Page MenuHomeFreeBSD

kern/intr: have intr_event_destroy() return success on NULL event
Needs ReviewPublic

Authored by ehem_freebsd_m5p.com on Feb 15 2023, 3:17 AM.
Tags
None
Referenced Files
Unknown Object (File)
Tue, Dec 17, 12:58 PM
Unknown Object (File)
Mon, Dec 9, 3:07 AM
Unknown Object (File)
Nov 25 2024, 10:11 PM
Unknown Object (File)
Nov 17 2024, 6:21 AM
Unknown Object (File)
Nov 17 2024, 4:55 AM
Unknown Object (File)
Oct 23 2024, 3:15 AM
Unknown Object (File)
Oct 23 2024, 3:14 AM
Unknown Object (File)
Oct 23 2024, 2:52 AM
Subscribers

Details

Reviewers
markj
jhb
kib
Summary

A NULL event likely indicates the event was already released. In such
case success is more useful than failure, so return 0. This follows the
pattern of gracefully handling NULL events.

Diff Detail

Repository
rG FreeBSD src repository
Lint
Lint Passed
Unit
No Test Coverage
Build Status
Buildable 49794
Build 46685: arc lint + arc unit

Event Timeline

Trying for other reviewers since this has already been sitting around for months with no action.

"My kingdom for a review"?

The real issue is if a caller actually checks the return code, returning an error would cause the caller to go into error recovery mode. This could be retry the destroy later, or might very well be a panic(). This is more useful to tell the caller to proceed with release/destroy action, not go into error recovery.

I think this is fairly arbitrary. intr_event_destroy() does not get called frequently, unlike, say, free(). So it's reasonable to be less permissive, since intr_event_destroy(NULL) is likely the result of a programming mistake.

I made an argument along the same lines in D38599. As a matter of principle, I prefer code like this to fail as early as possible, so I don't really agree with the change. That's not an absolute position, but so far there is no example code to make me reconsider.

A handy example is D38599. It could test isrc->isrc_event before calling intr_event_destroy(), but if intr_event_destroy() will gracefully handle ie == NULL then it is easier not to bother. If you prefer to have a panic() sooner rather than later, the

if (ie == NULL)
        return (EINVAL);

should be taken out and hopefully a panic() will ensue on line 539. If intr_event_destroy() is going to check for ie == NULL then it should do something useful if that occurs. Returning EINVAL is almost certain not to be useful and thus returning 0 seems more sensible.

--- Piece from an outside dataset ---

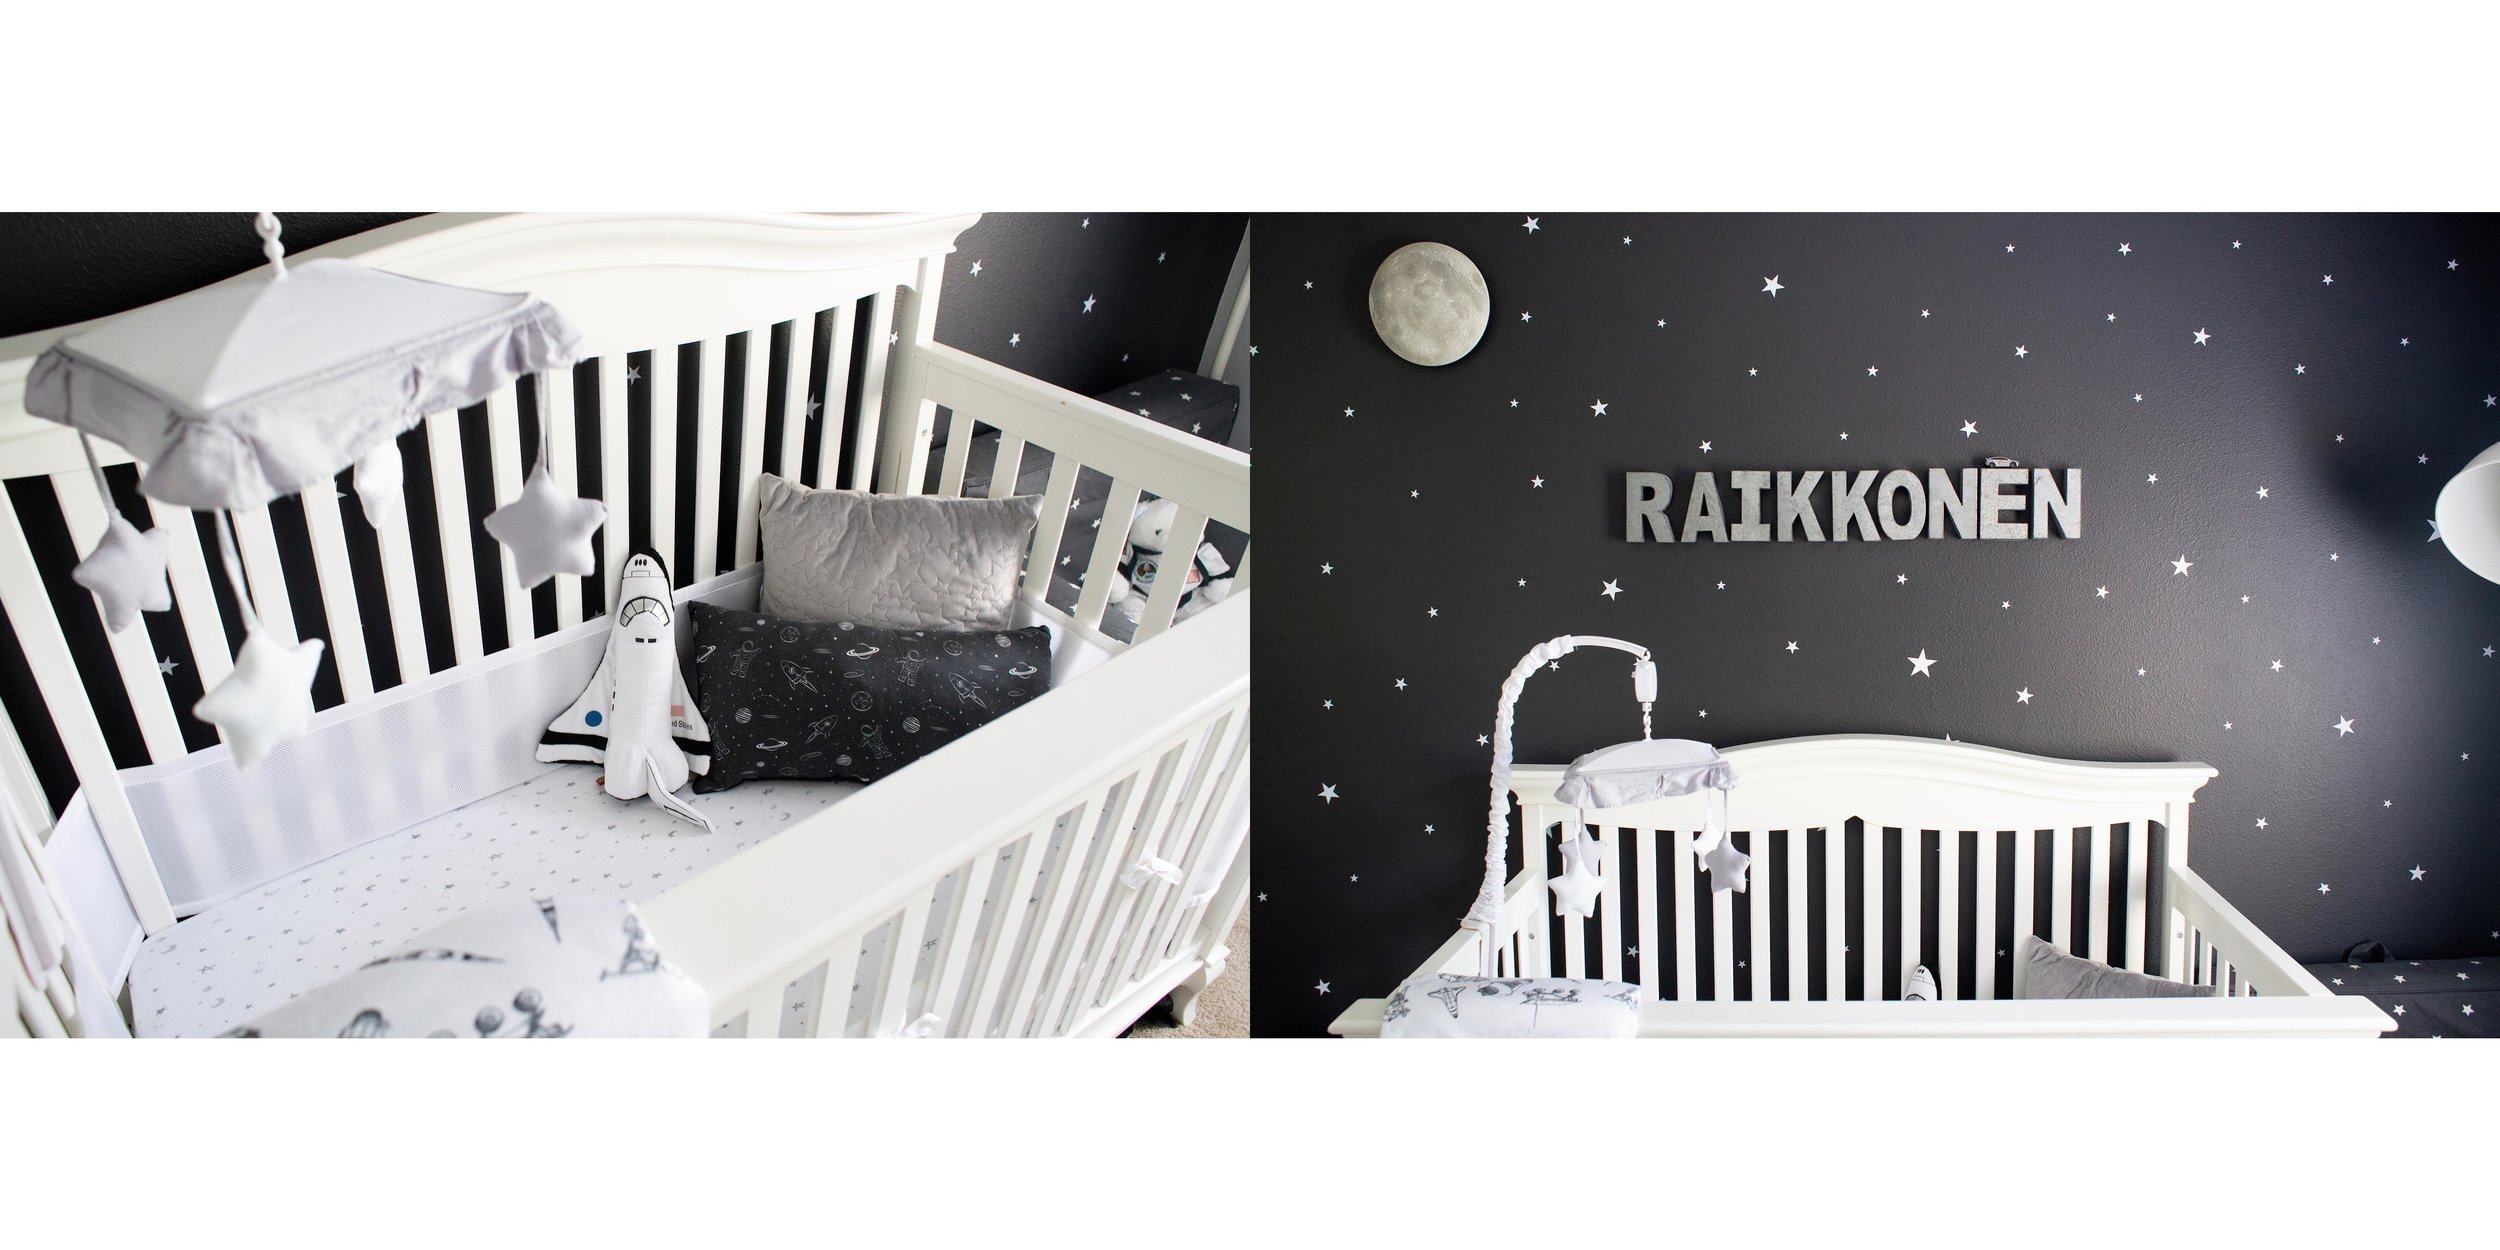 Raikkonen's_room_05.jpg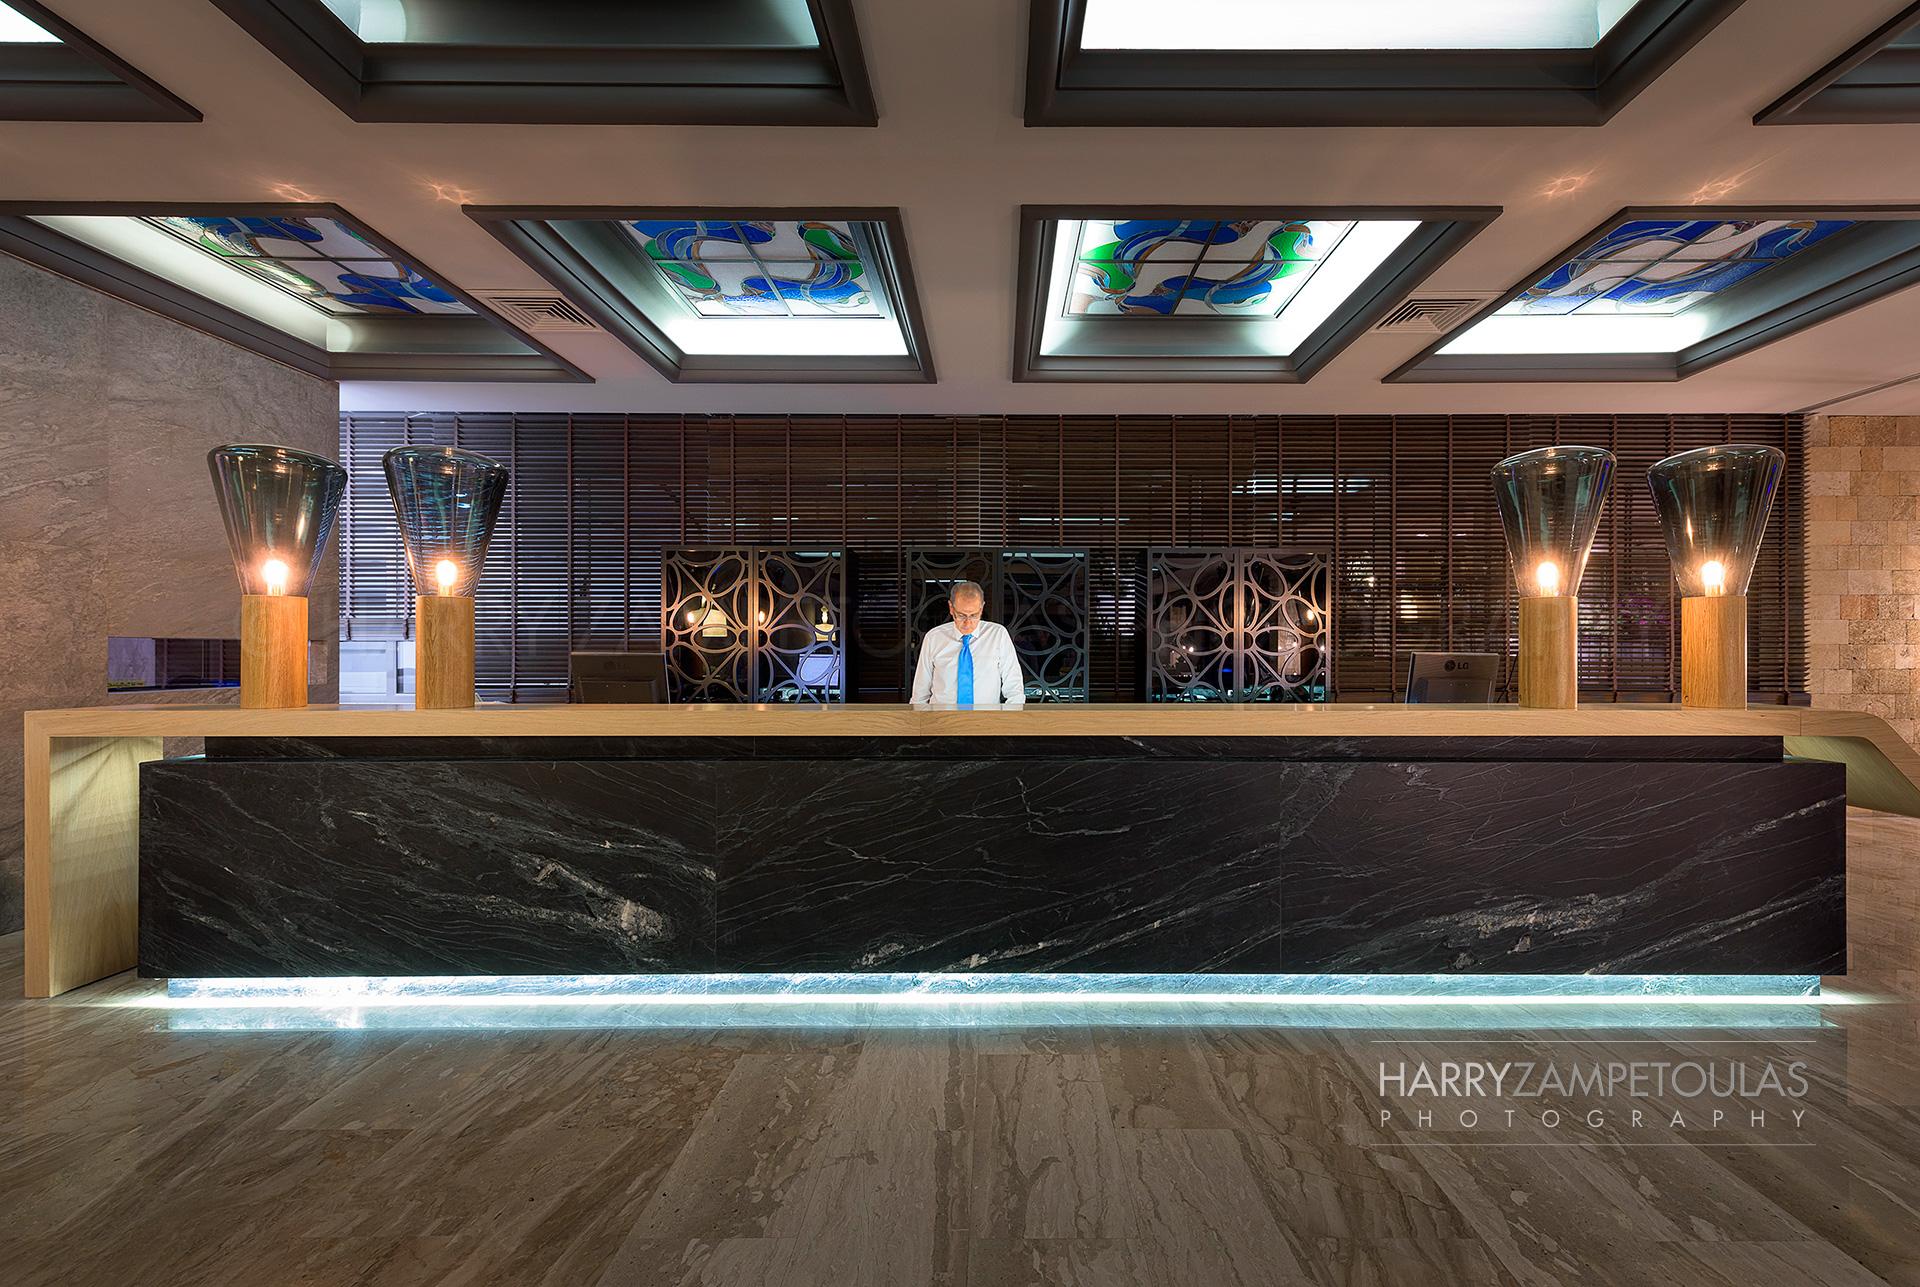 Porto Angeli Hotel, Rhodes 2016 - Hotel Photography by Harry Zampetoulas, Rhodes

I think one real issue is what question is the caller most interested in having answered? (since C functions have a single return, only 1 question can be answered) Another is how is the caller likely to react if intr_event_destroy() gives an error return?

For the first, I think the most likely question is "Has everything been cleaned up?" ie can cleanup steps proceed? Whereas returning an error for NULL amounts to answering, "Was at least 1 cleanup step done and did cleanup finish?" ie NULL would mean no cleanup steps were done, even though cleanup did complete.

For the second a few recovery strategies might be employed. If the caller is doing lazy event release, then it may remain on a queue of events to be released at a later time (or perhaps remains on an active list). If the caller one does the call once, then they might call printf("Warning! Failed to release event, leaking memory!\n");, then drop pointers on the floor on the principle things are in an unknown state and not touching things is most likely to keep the system operational for longer. Another implementation might simply call panic("Failed to release event, no recovery possible.");.

For what I've got, the second strategy is the one in use. This seems the least harm and most likely to survive long enough to catch someone's attention. If the first strategy is used, a thread has been unnecessarily placed in an infinite loop. If the third strategy is used, the system will panic when basically everything was fine.

If a NULL event is passed there isn't really anything for the caller to do. The caller should behave as if everything was fine, since no action can improve the situation. I could see a printf("Warning: NULL event passed to %s.", __func__); inside a block with the return (0);, since intr_event_destroy() knows the situation.

The argument against a printf() is INTRNG does lazy allocation of events. Thus passing in a NULL likely indicates no event was ever allocated and nothing has gone wrong. PowerPC isn't quite as lazy, but due to some laziness would likely fall into the same case.

Perhaps passing in a NULL pointer is nominally wrong, but returning an error is near certain to exacerbate an otherwise recoverable situation.

To put it a different way, intr_event_destroy() is called from recovery and shutdown routines. Callers have likely already received an error status from another function (since they passed a NULL event), yet now they're trying to recover and get yet another error indicator. Recovery is impossible.

A few callers will panic() in debug builds, yet simply ignore in release builds. I've got something which emits a warning message about leaking memory since it is dumping everything on the floor. For that one panic() is too severe since there is hope the administrator can still do a clean shutdown.